__Recorded data__:
..............................

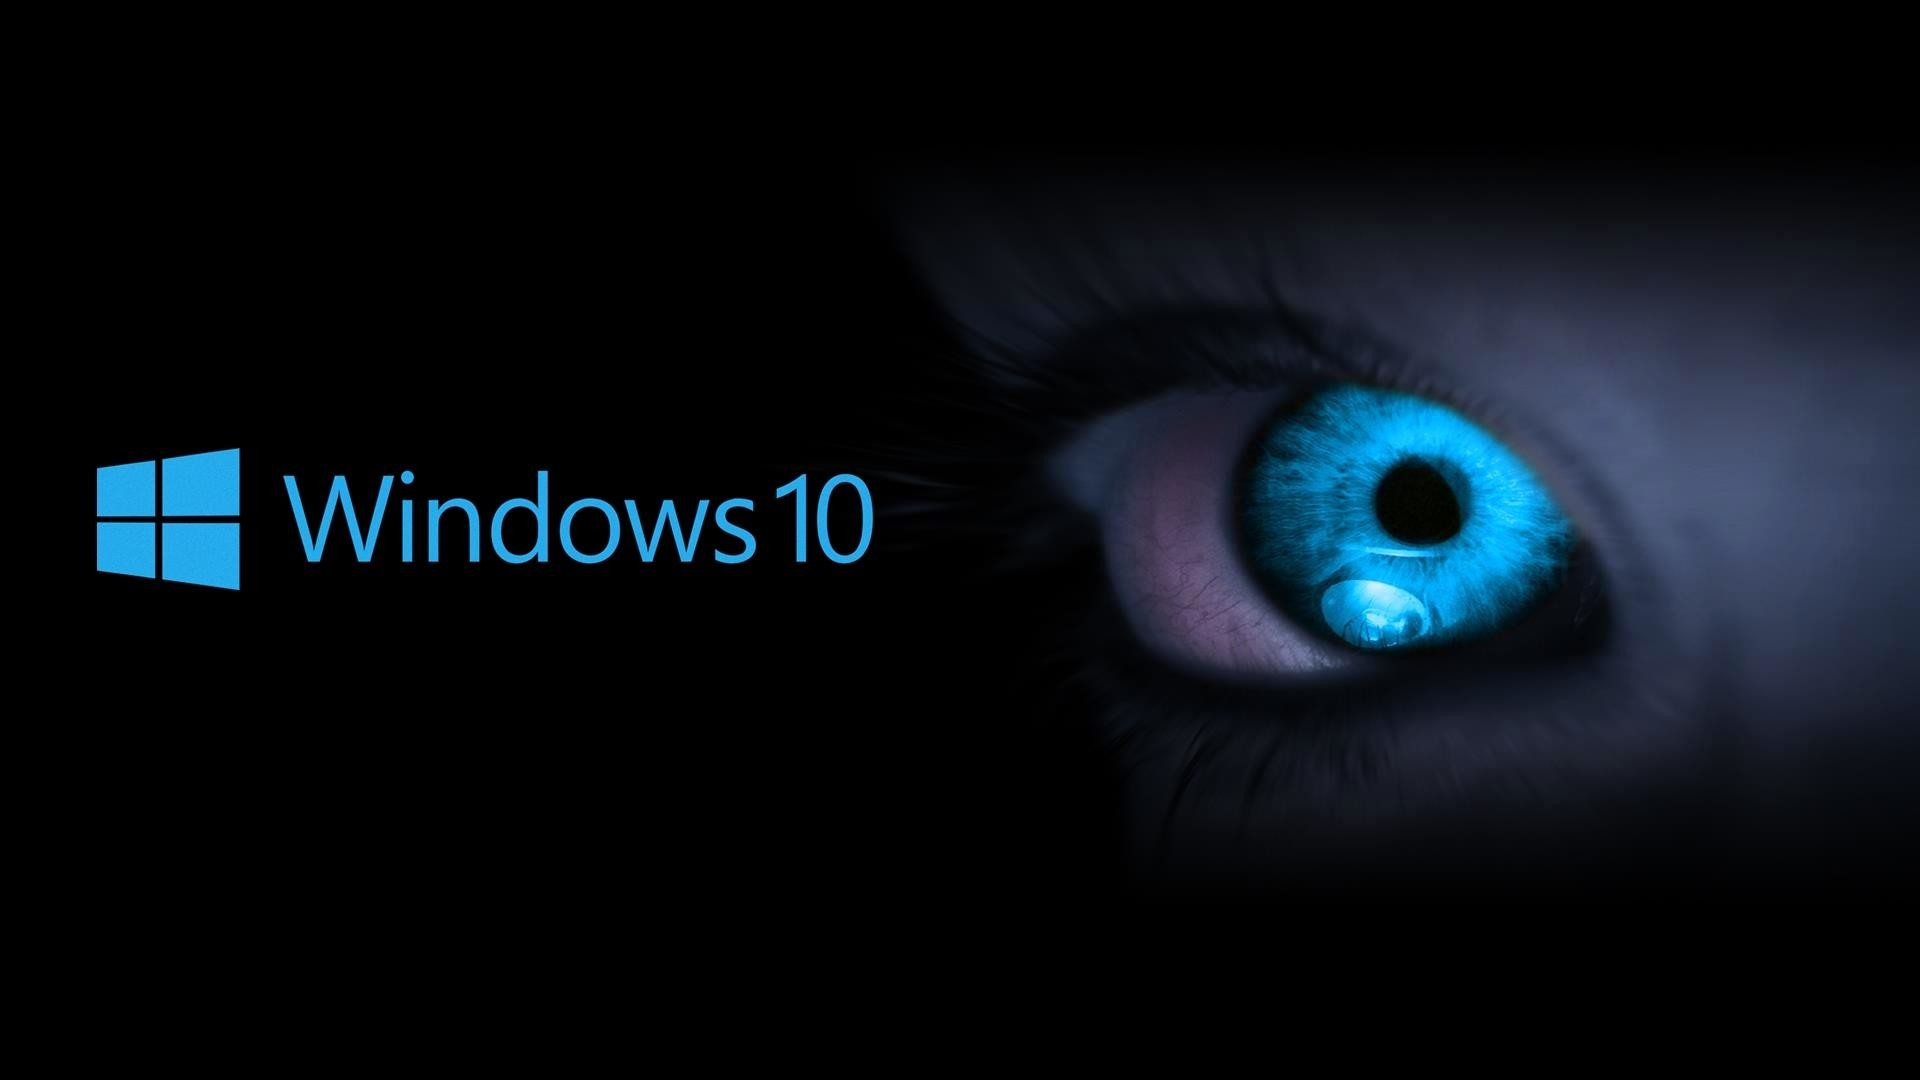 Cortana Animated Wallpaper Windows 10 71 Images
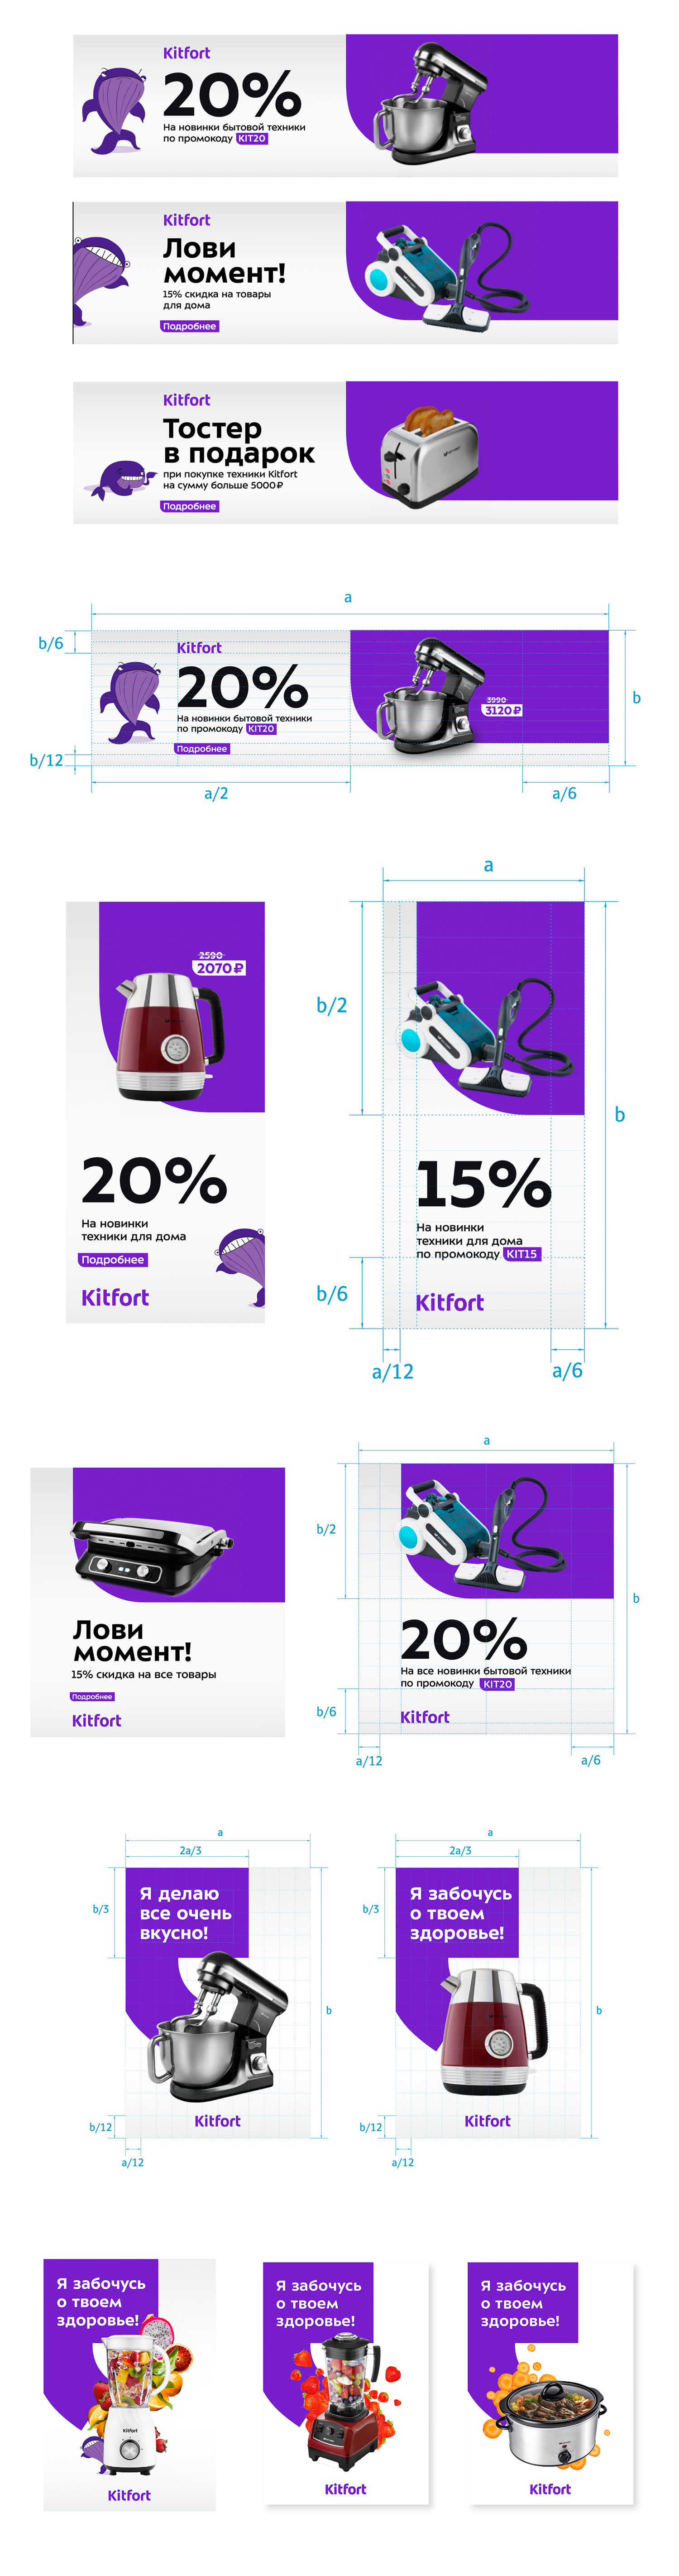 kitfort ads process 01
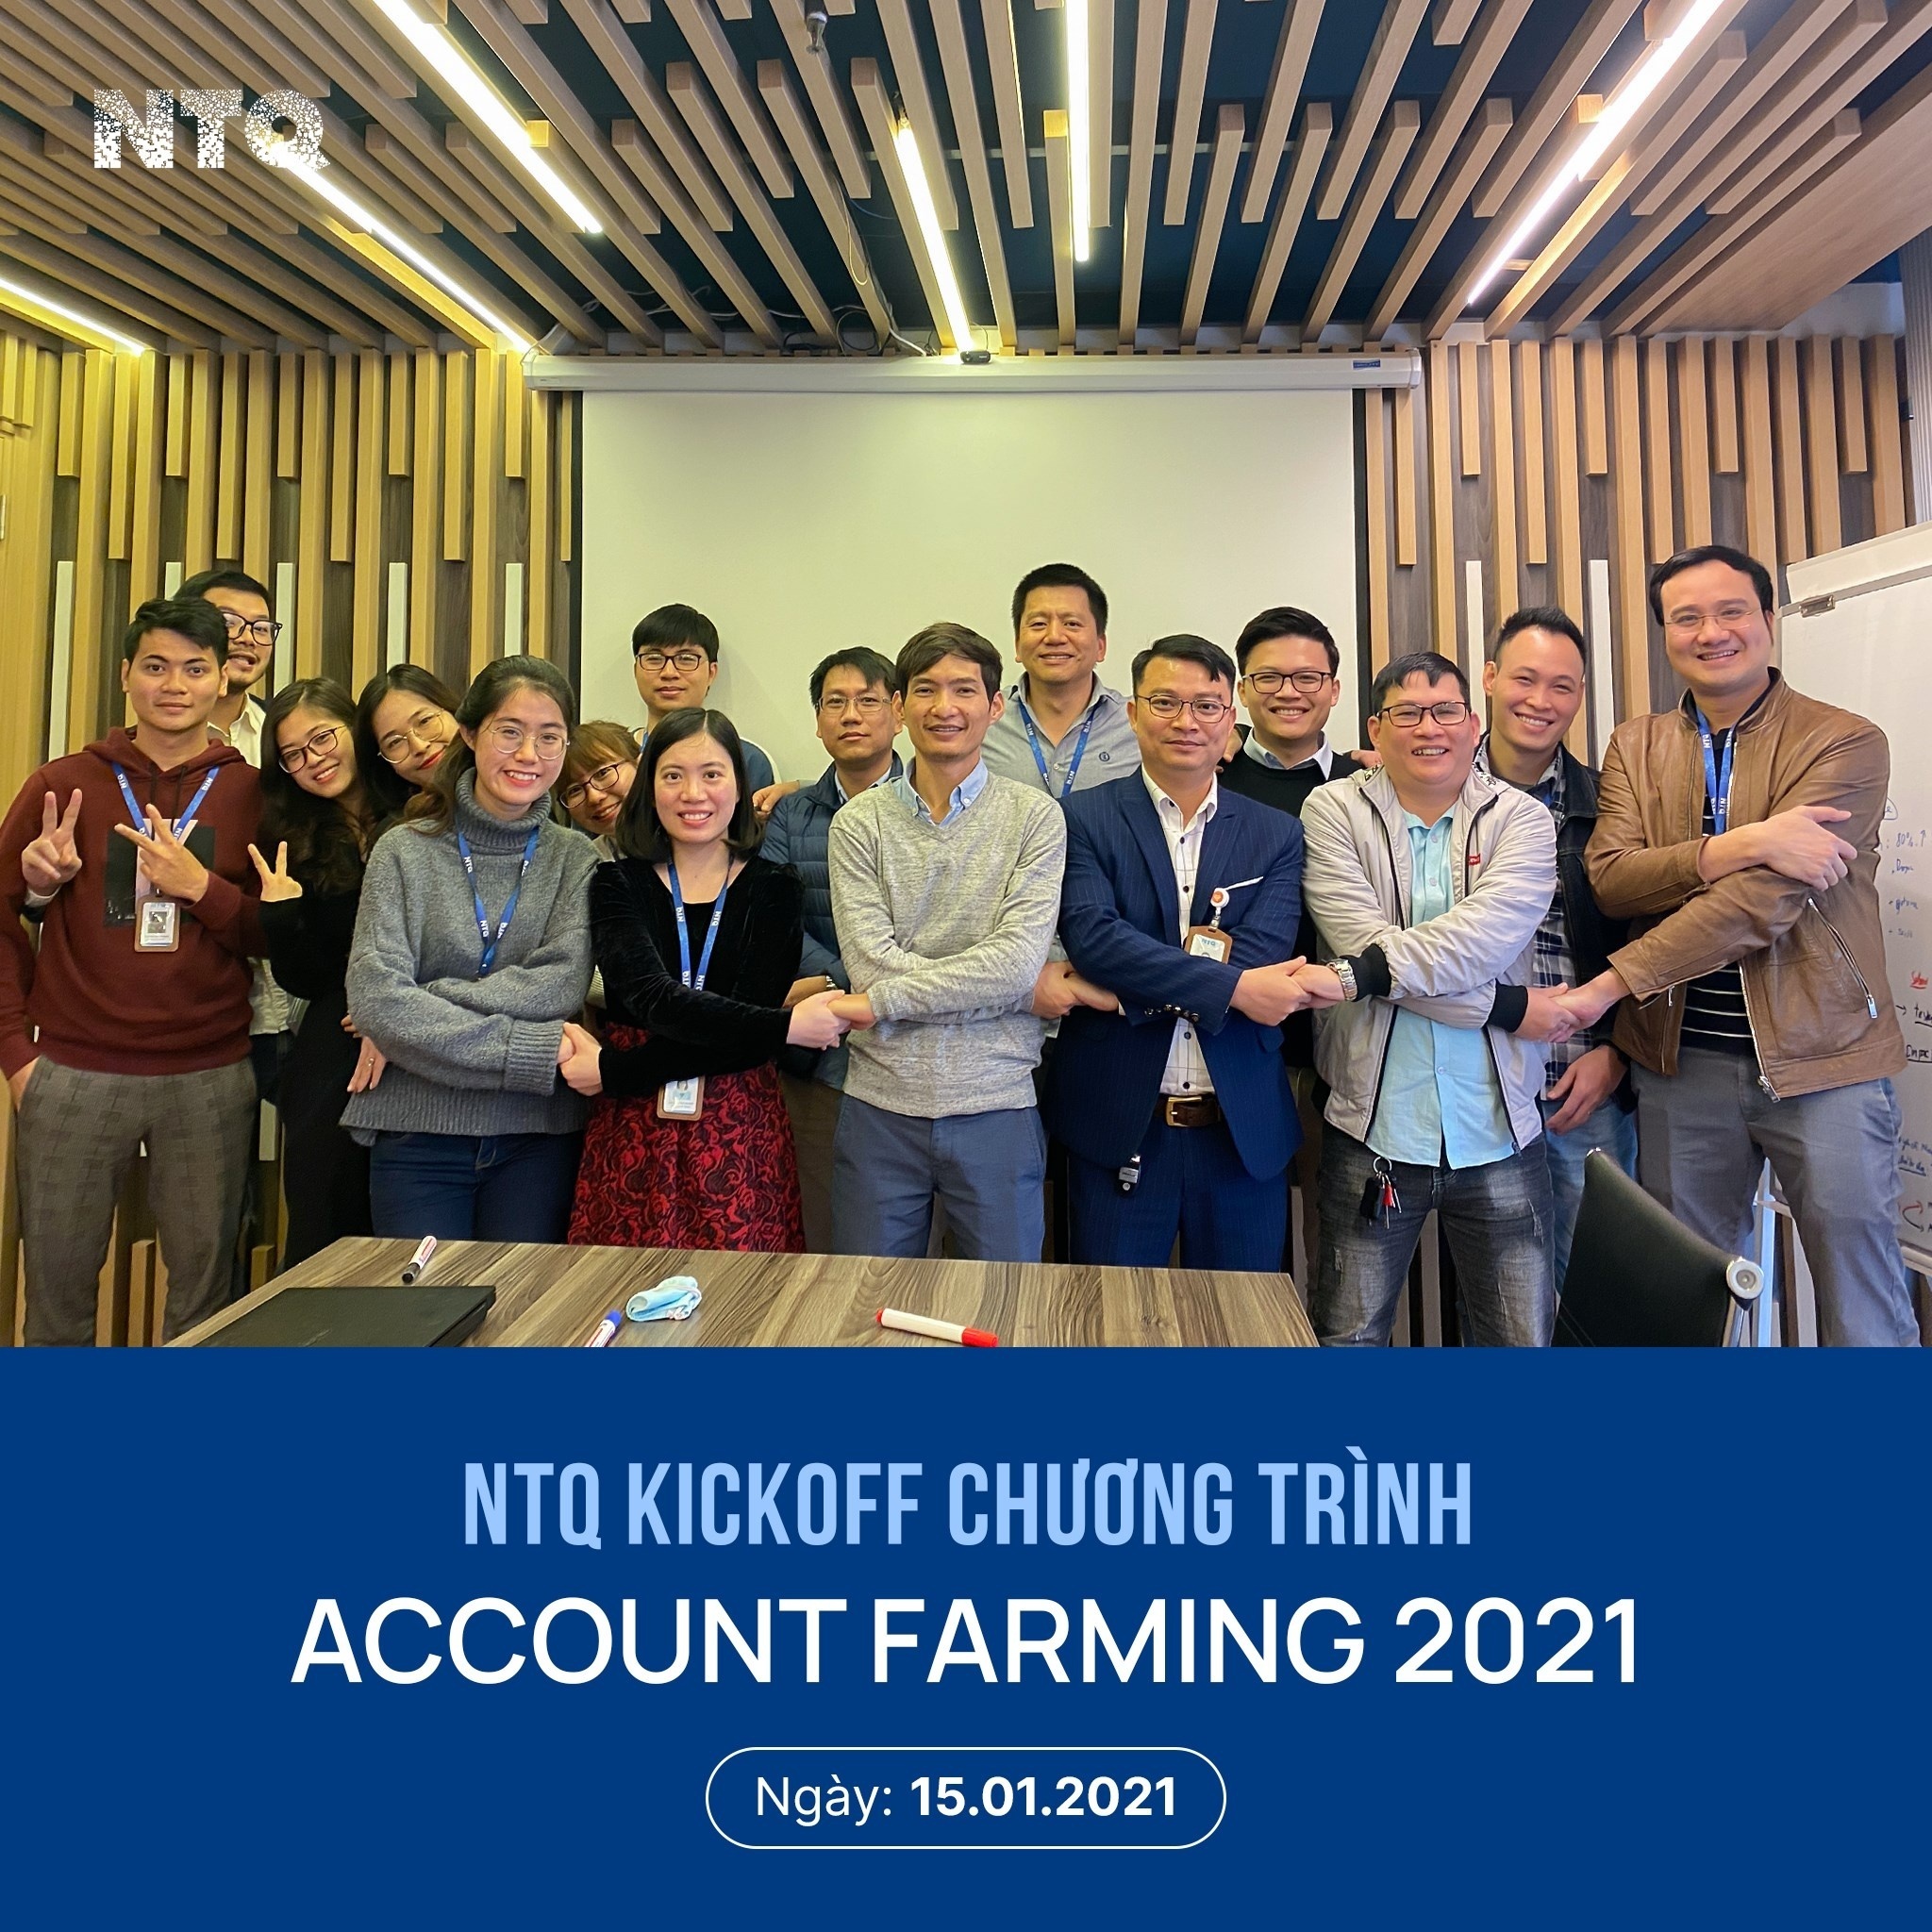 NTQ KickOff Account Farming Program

..............................

__Activity__:
Return the whole listing word for word. Pictures stay out of it.

__Reply__:
 Cortana Animated Wallpaper Windows 10 71 Images
 kitfort ads process 01
 NTQ KickOff Account Farming Program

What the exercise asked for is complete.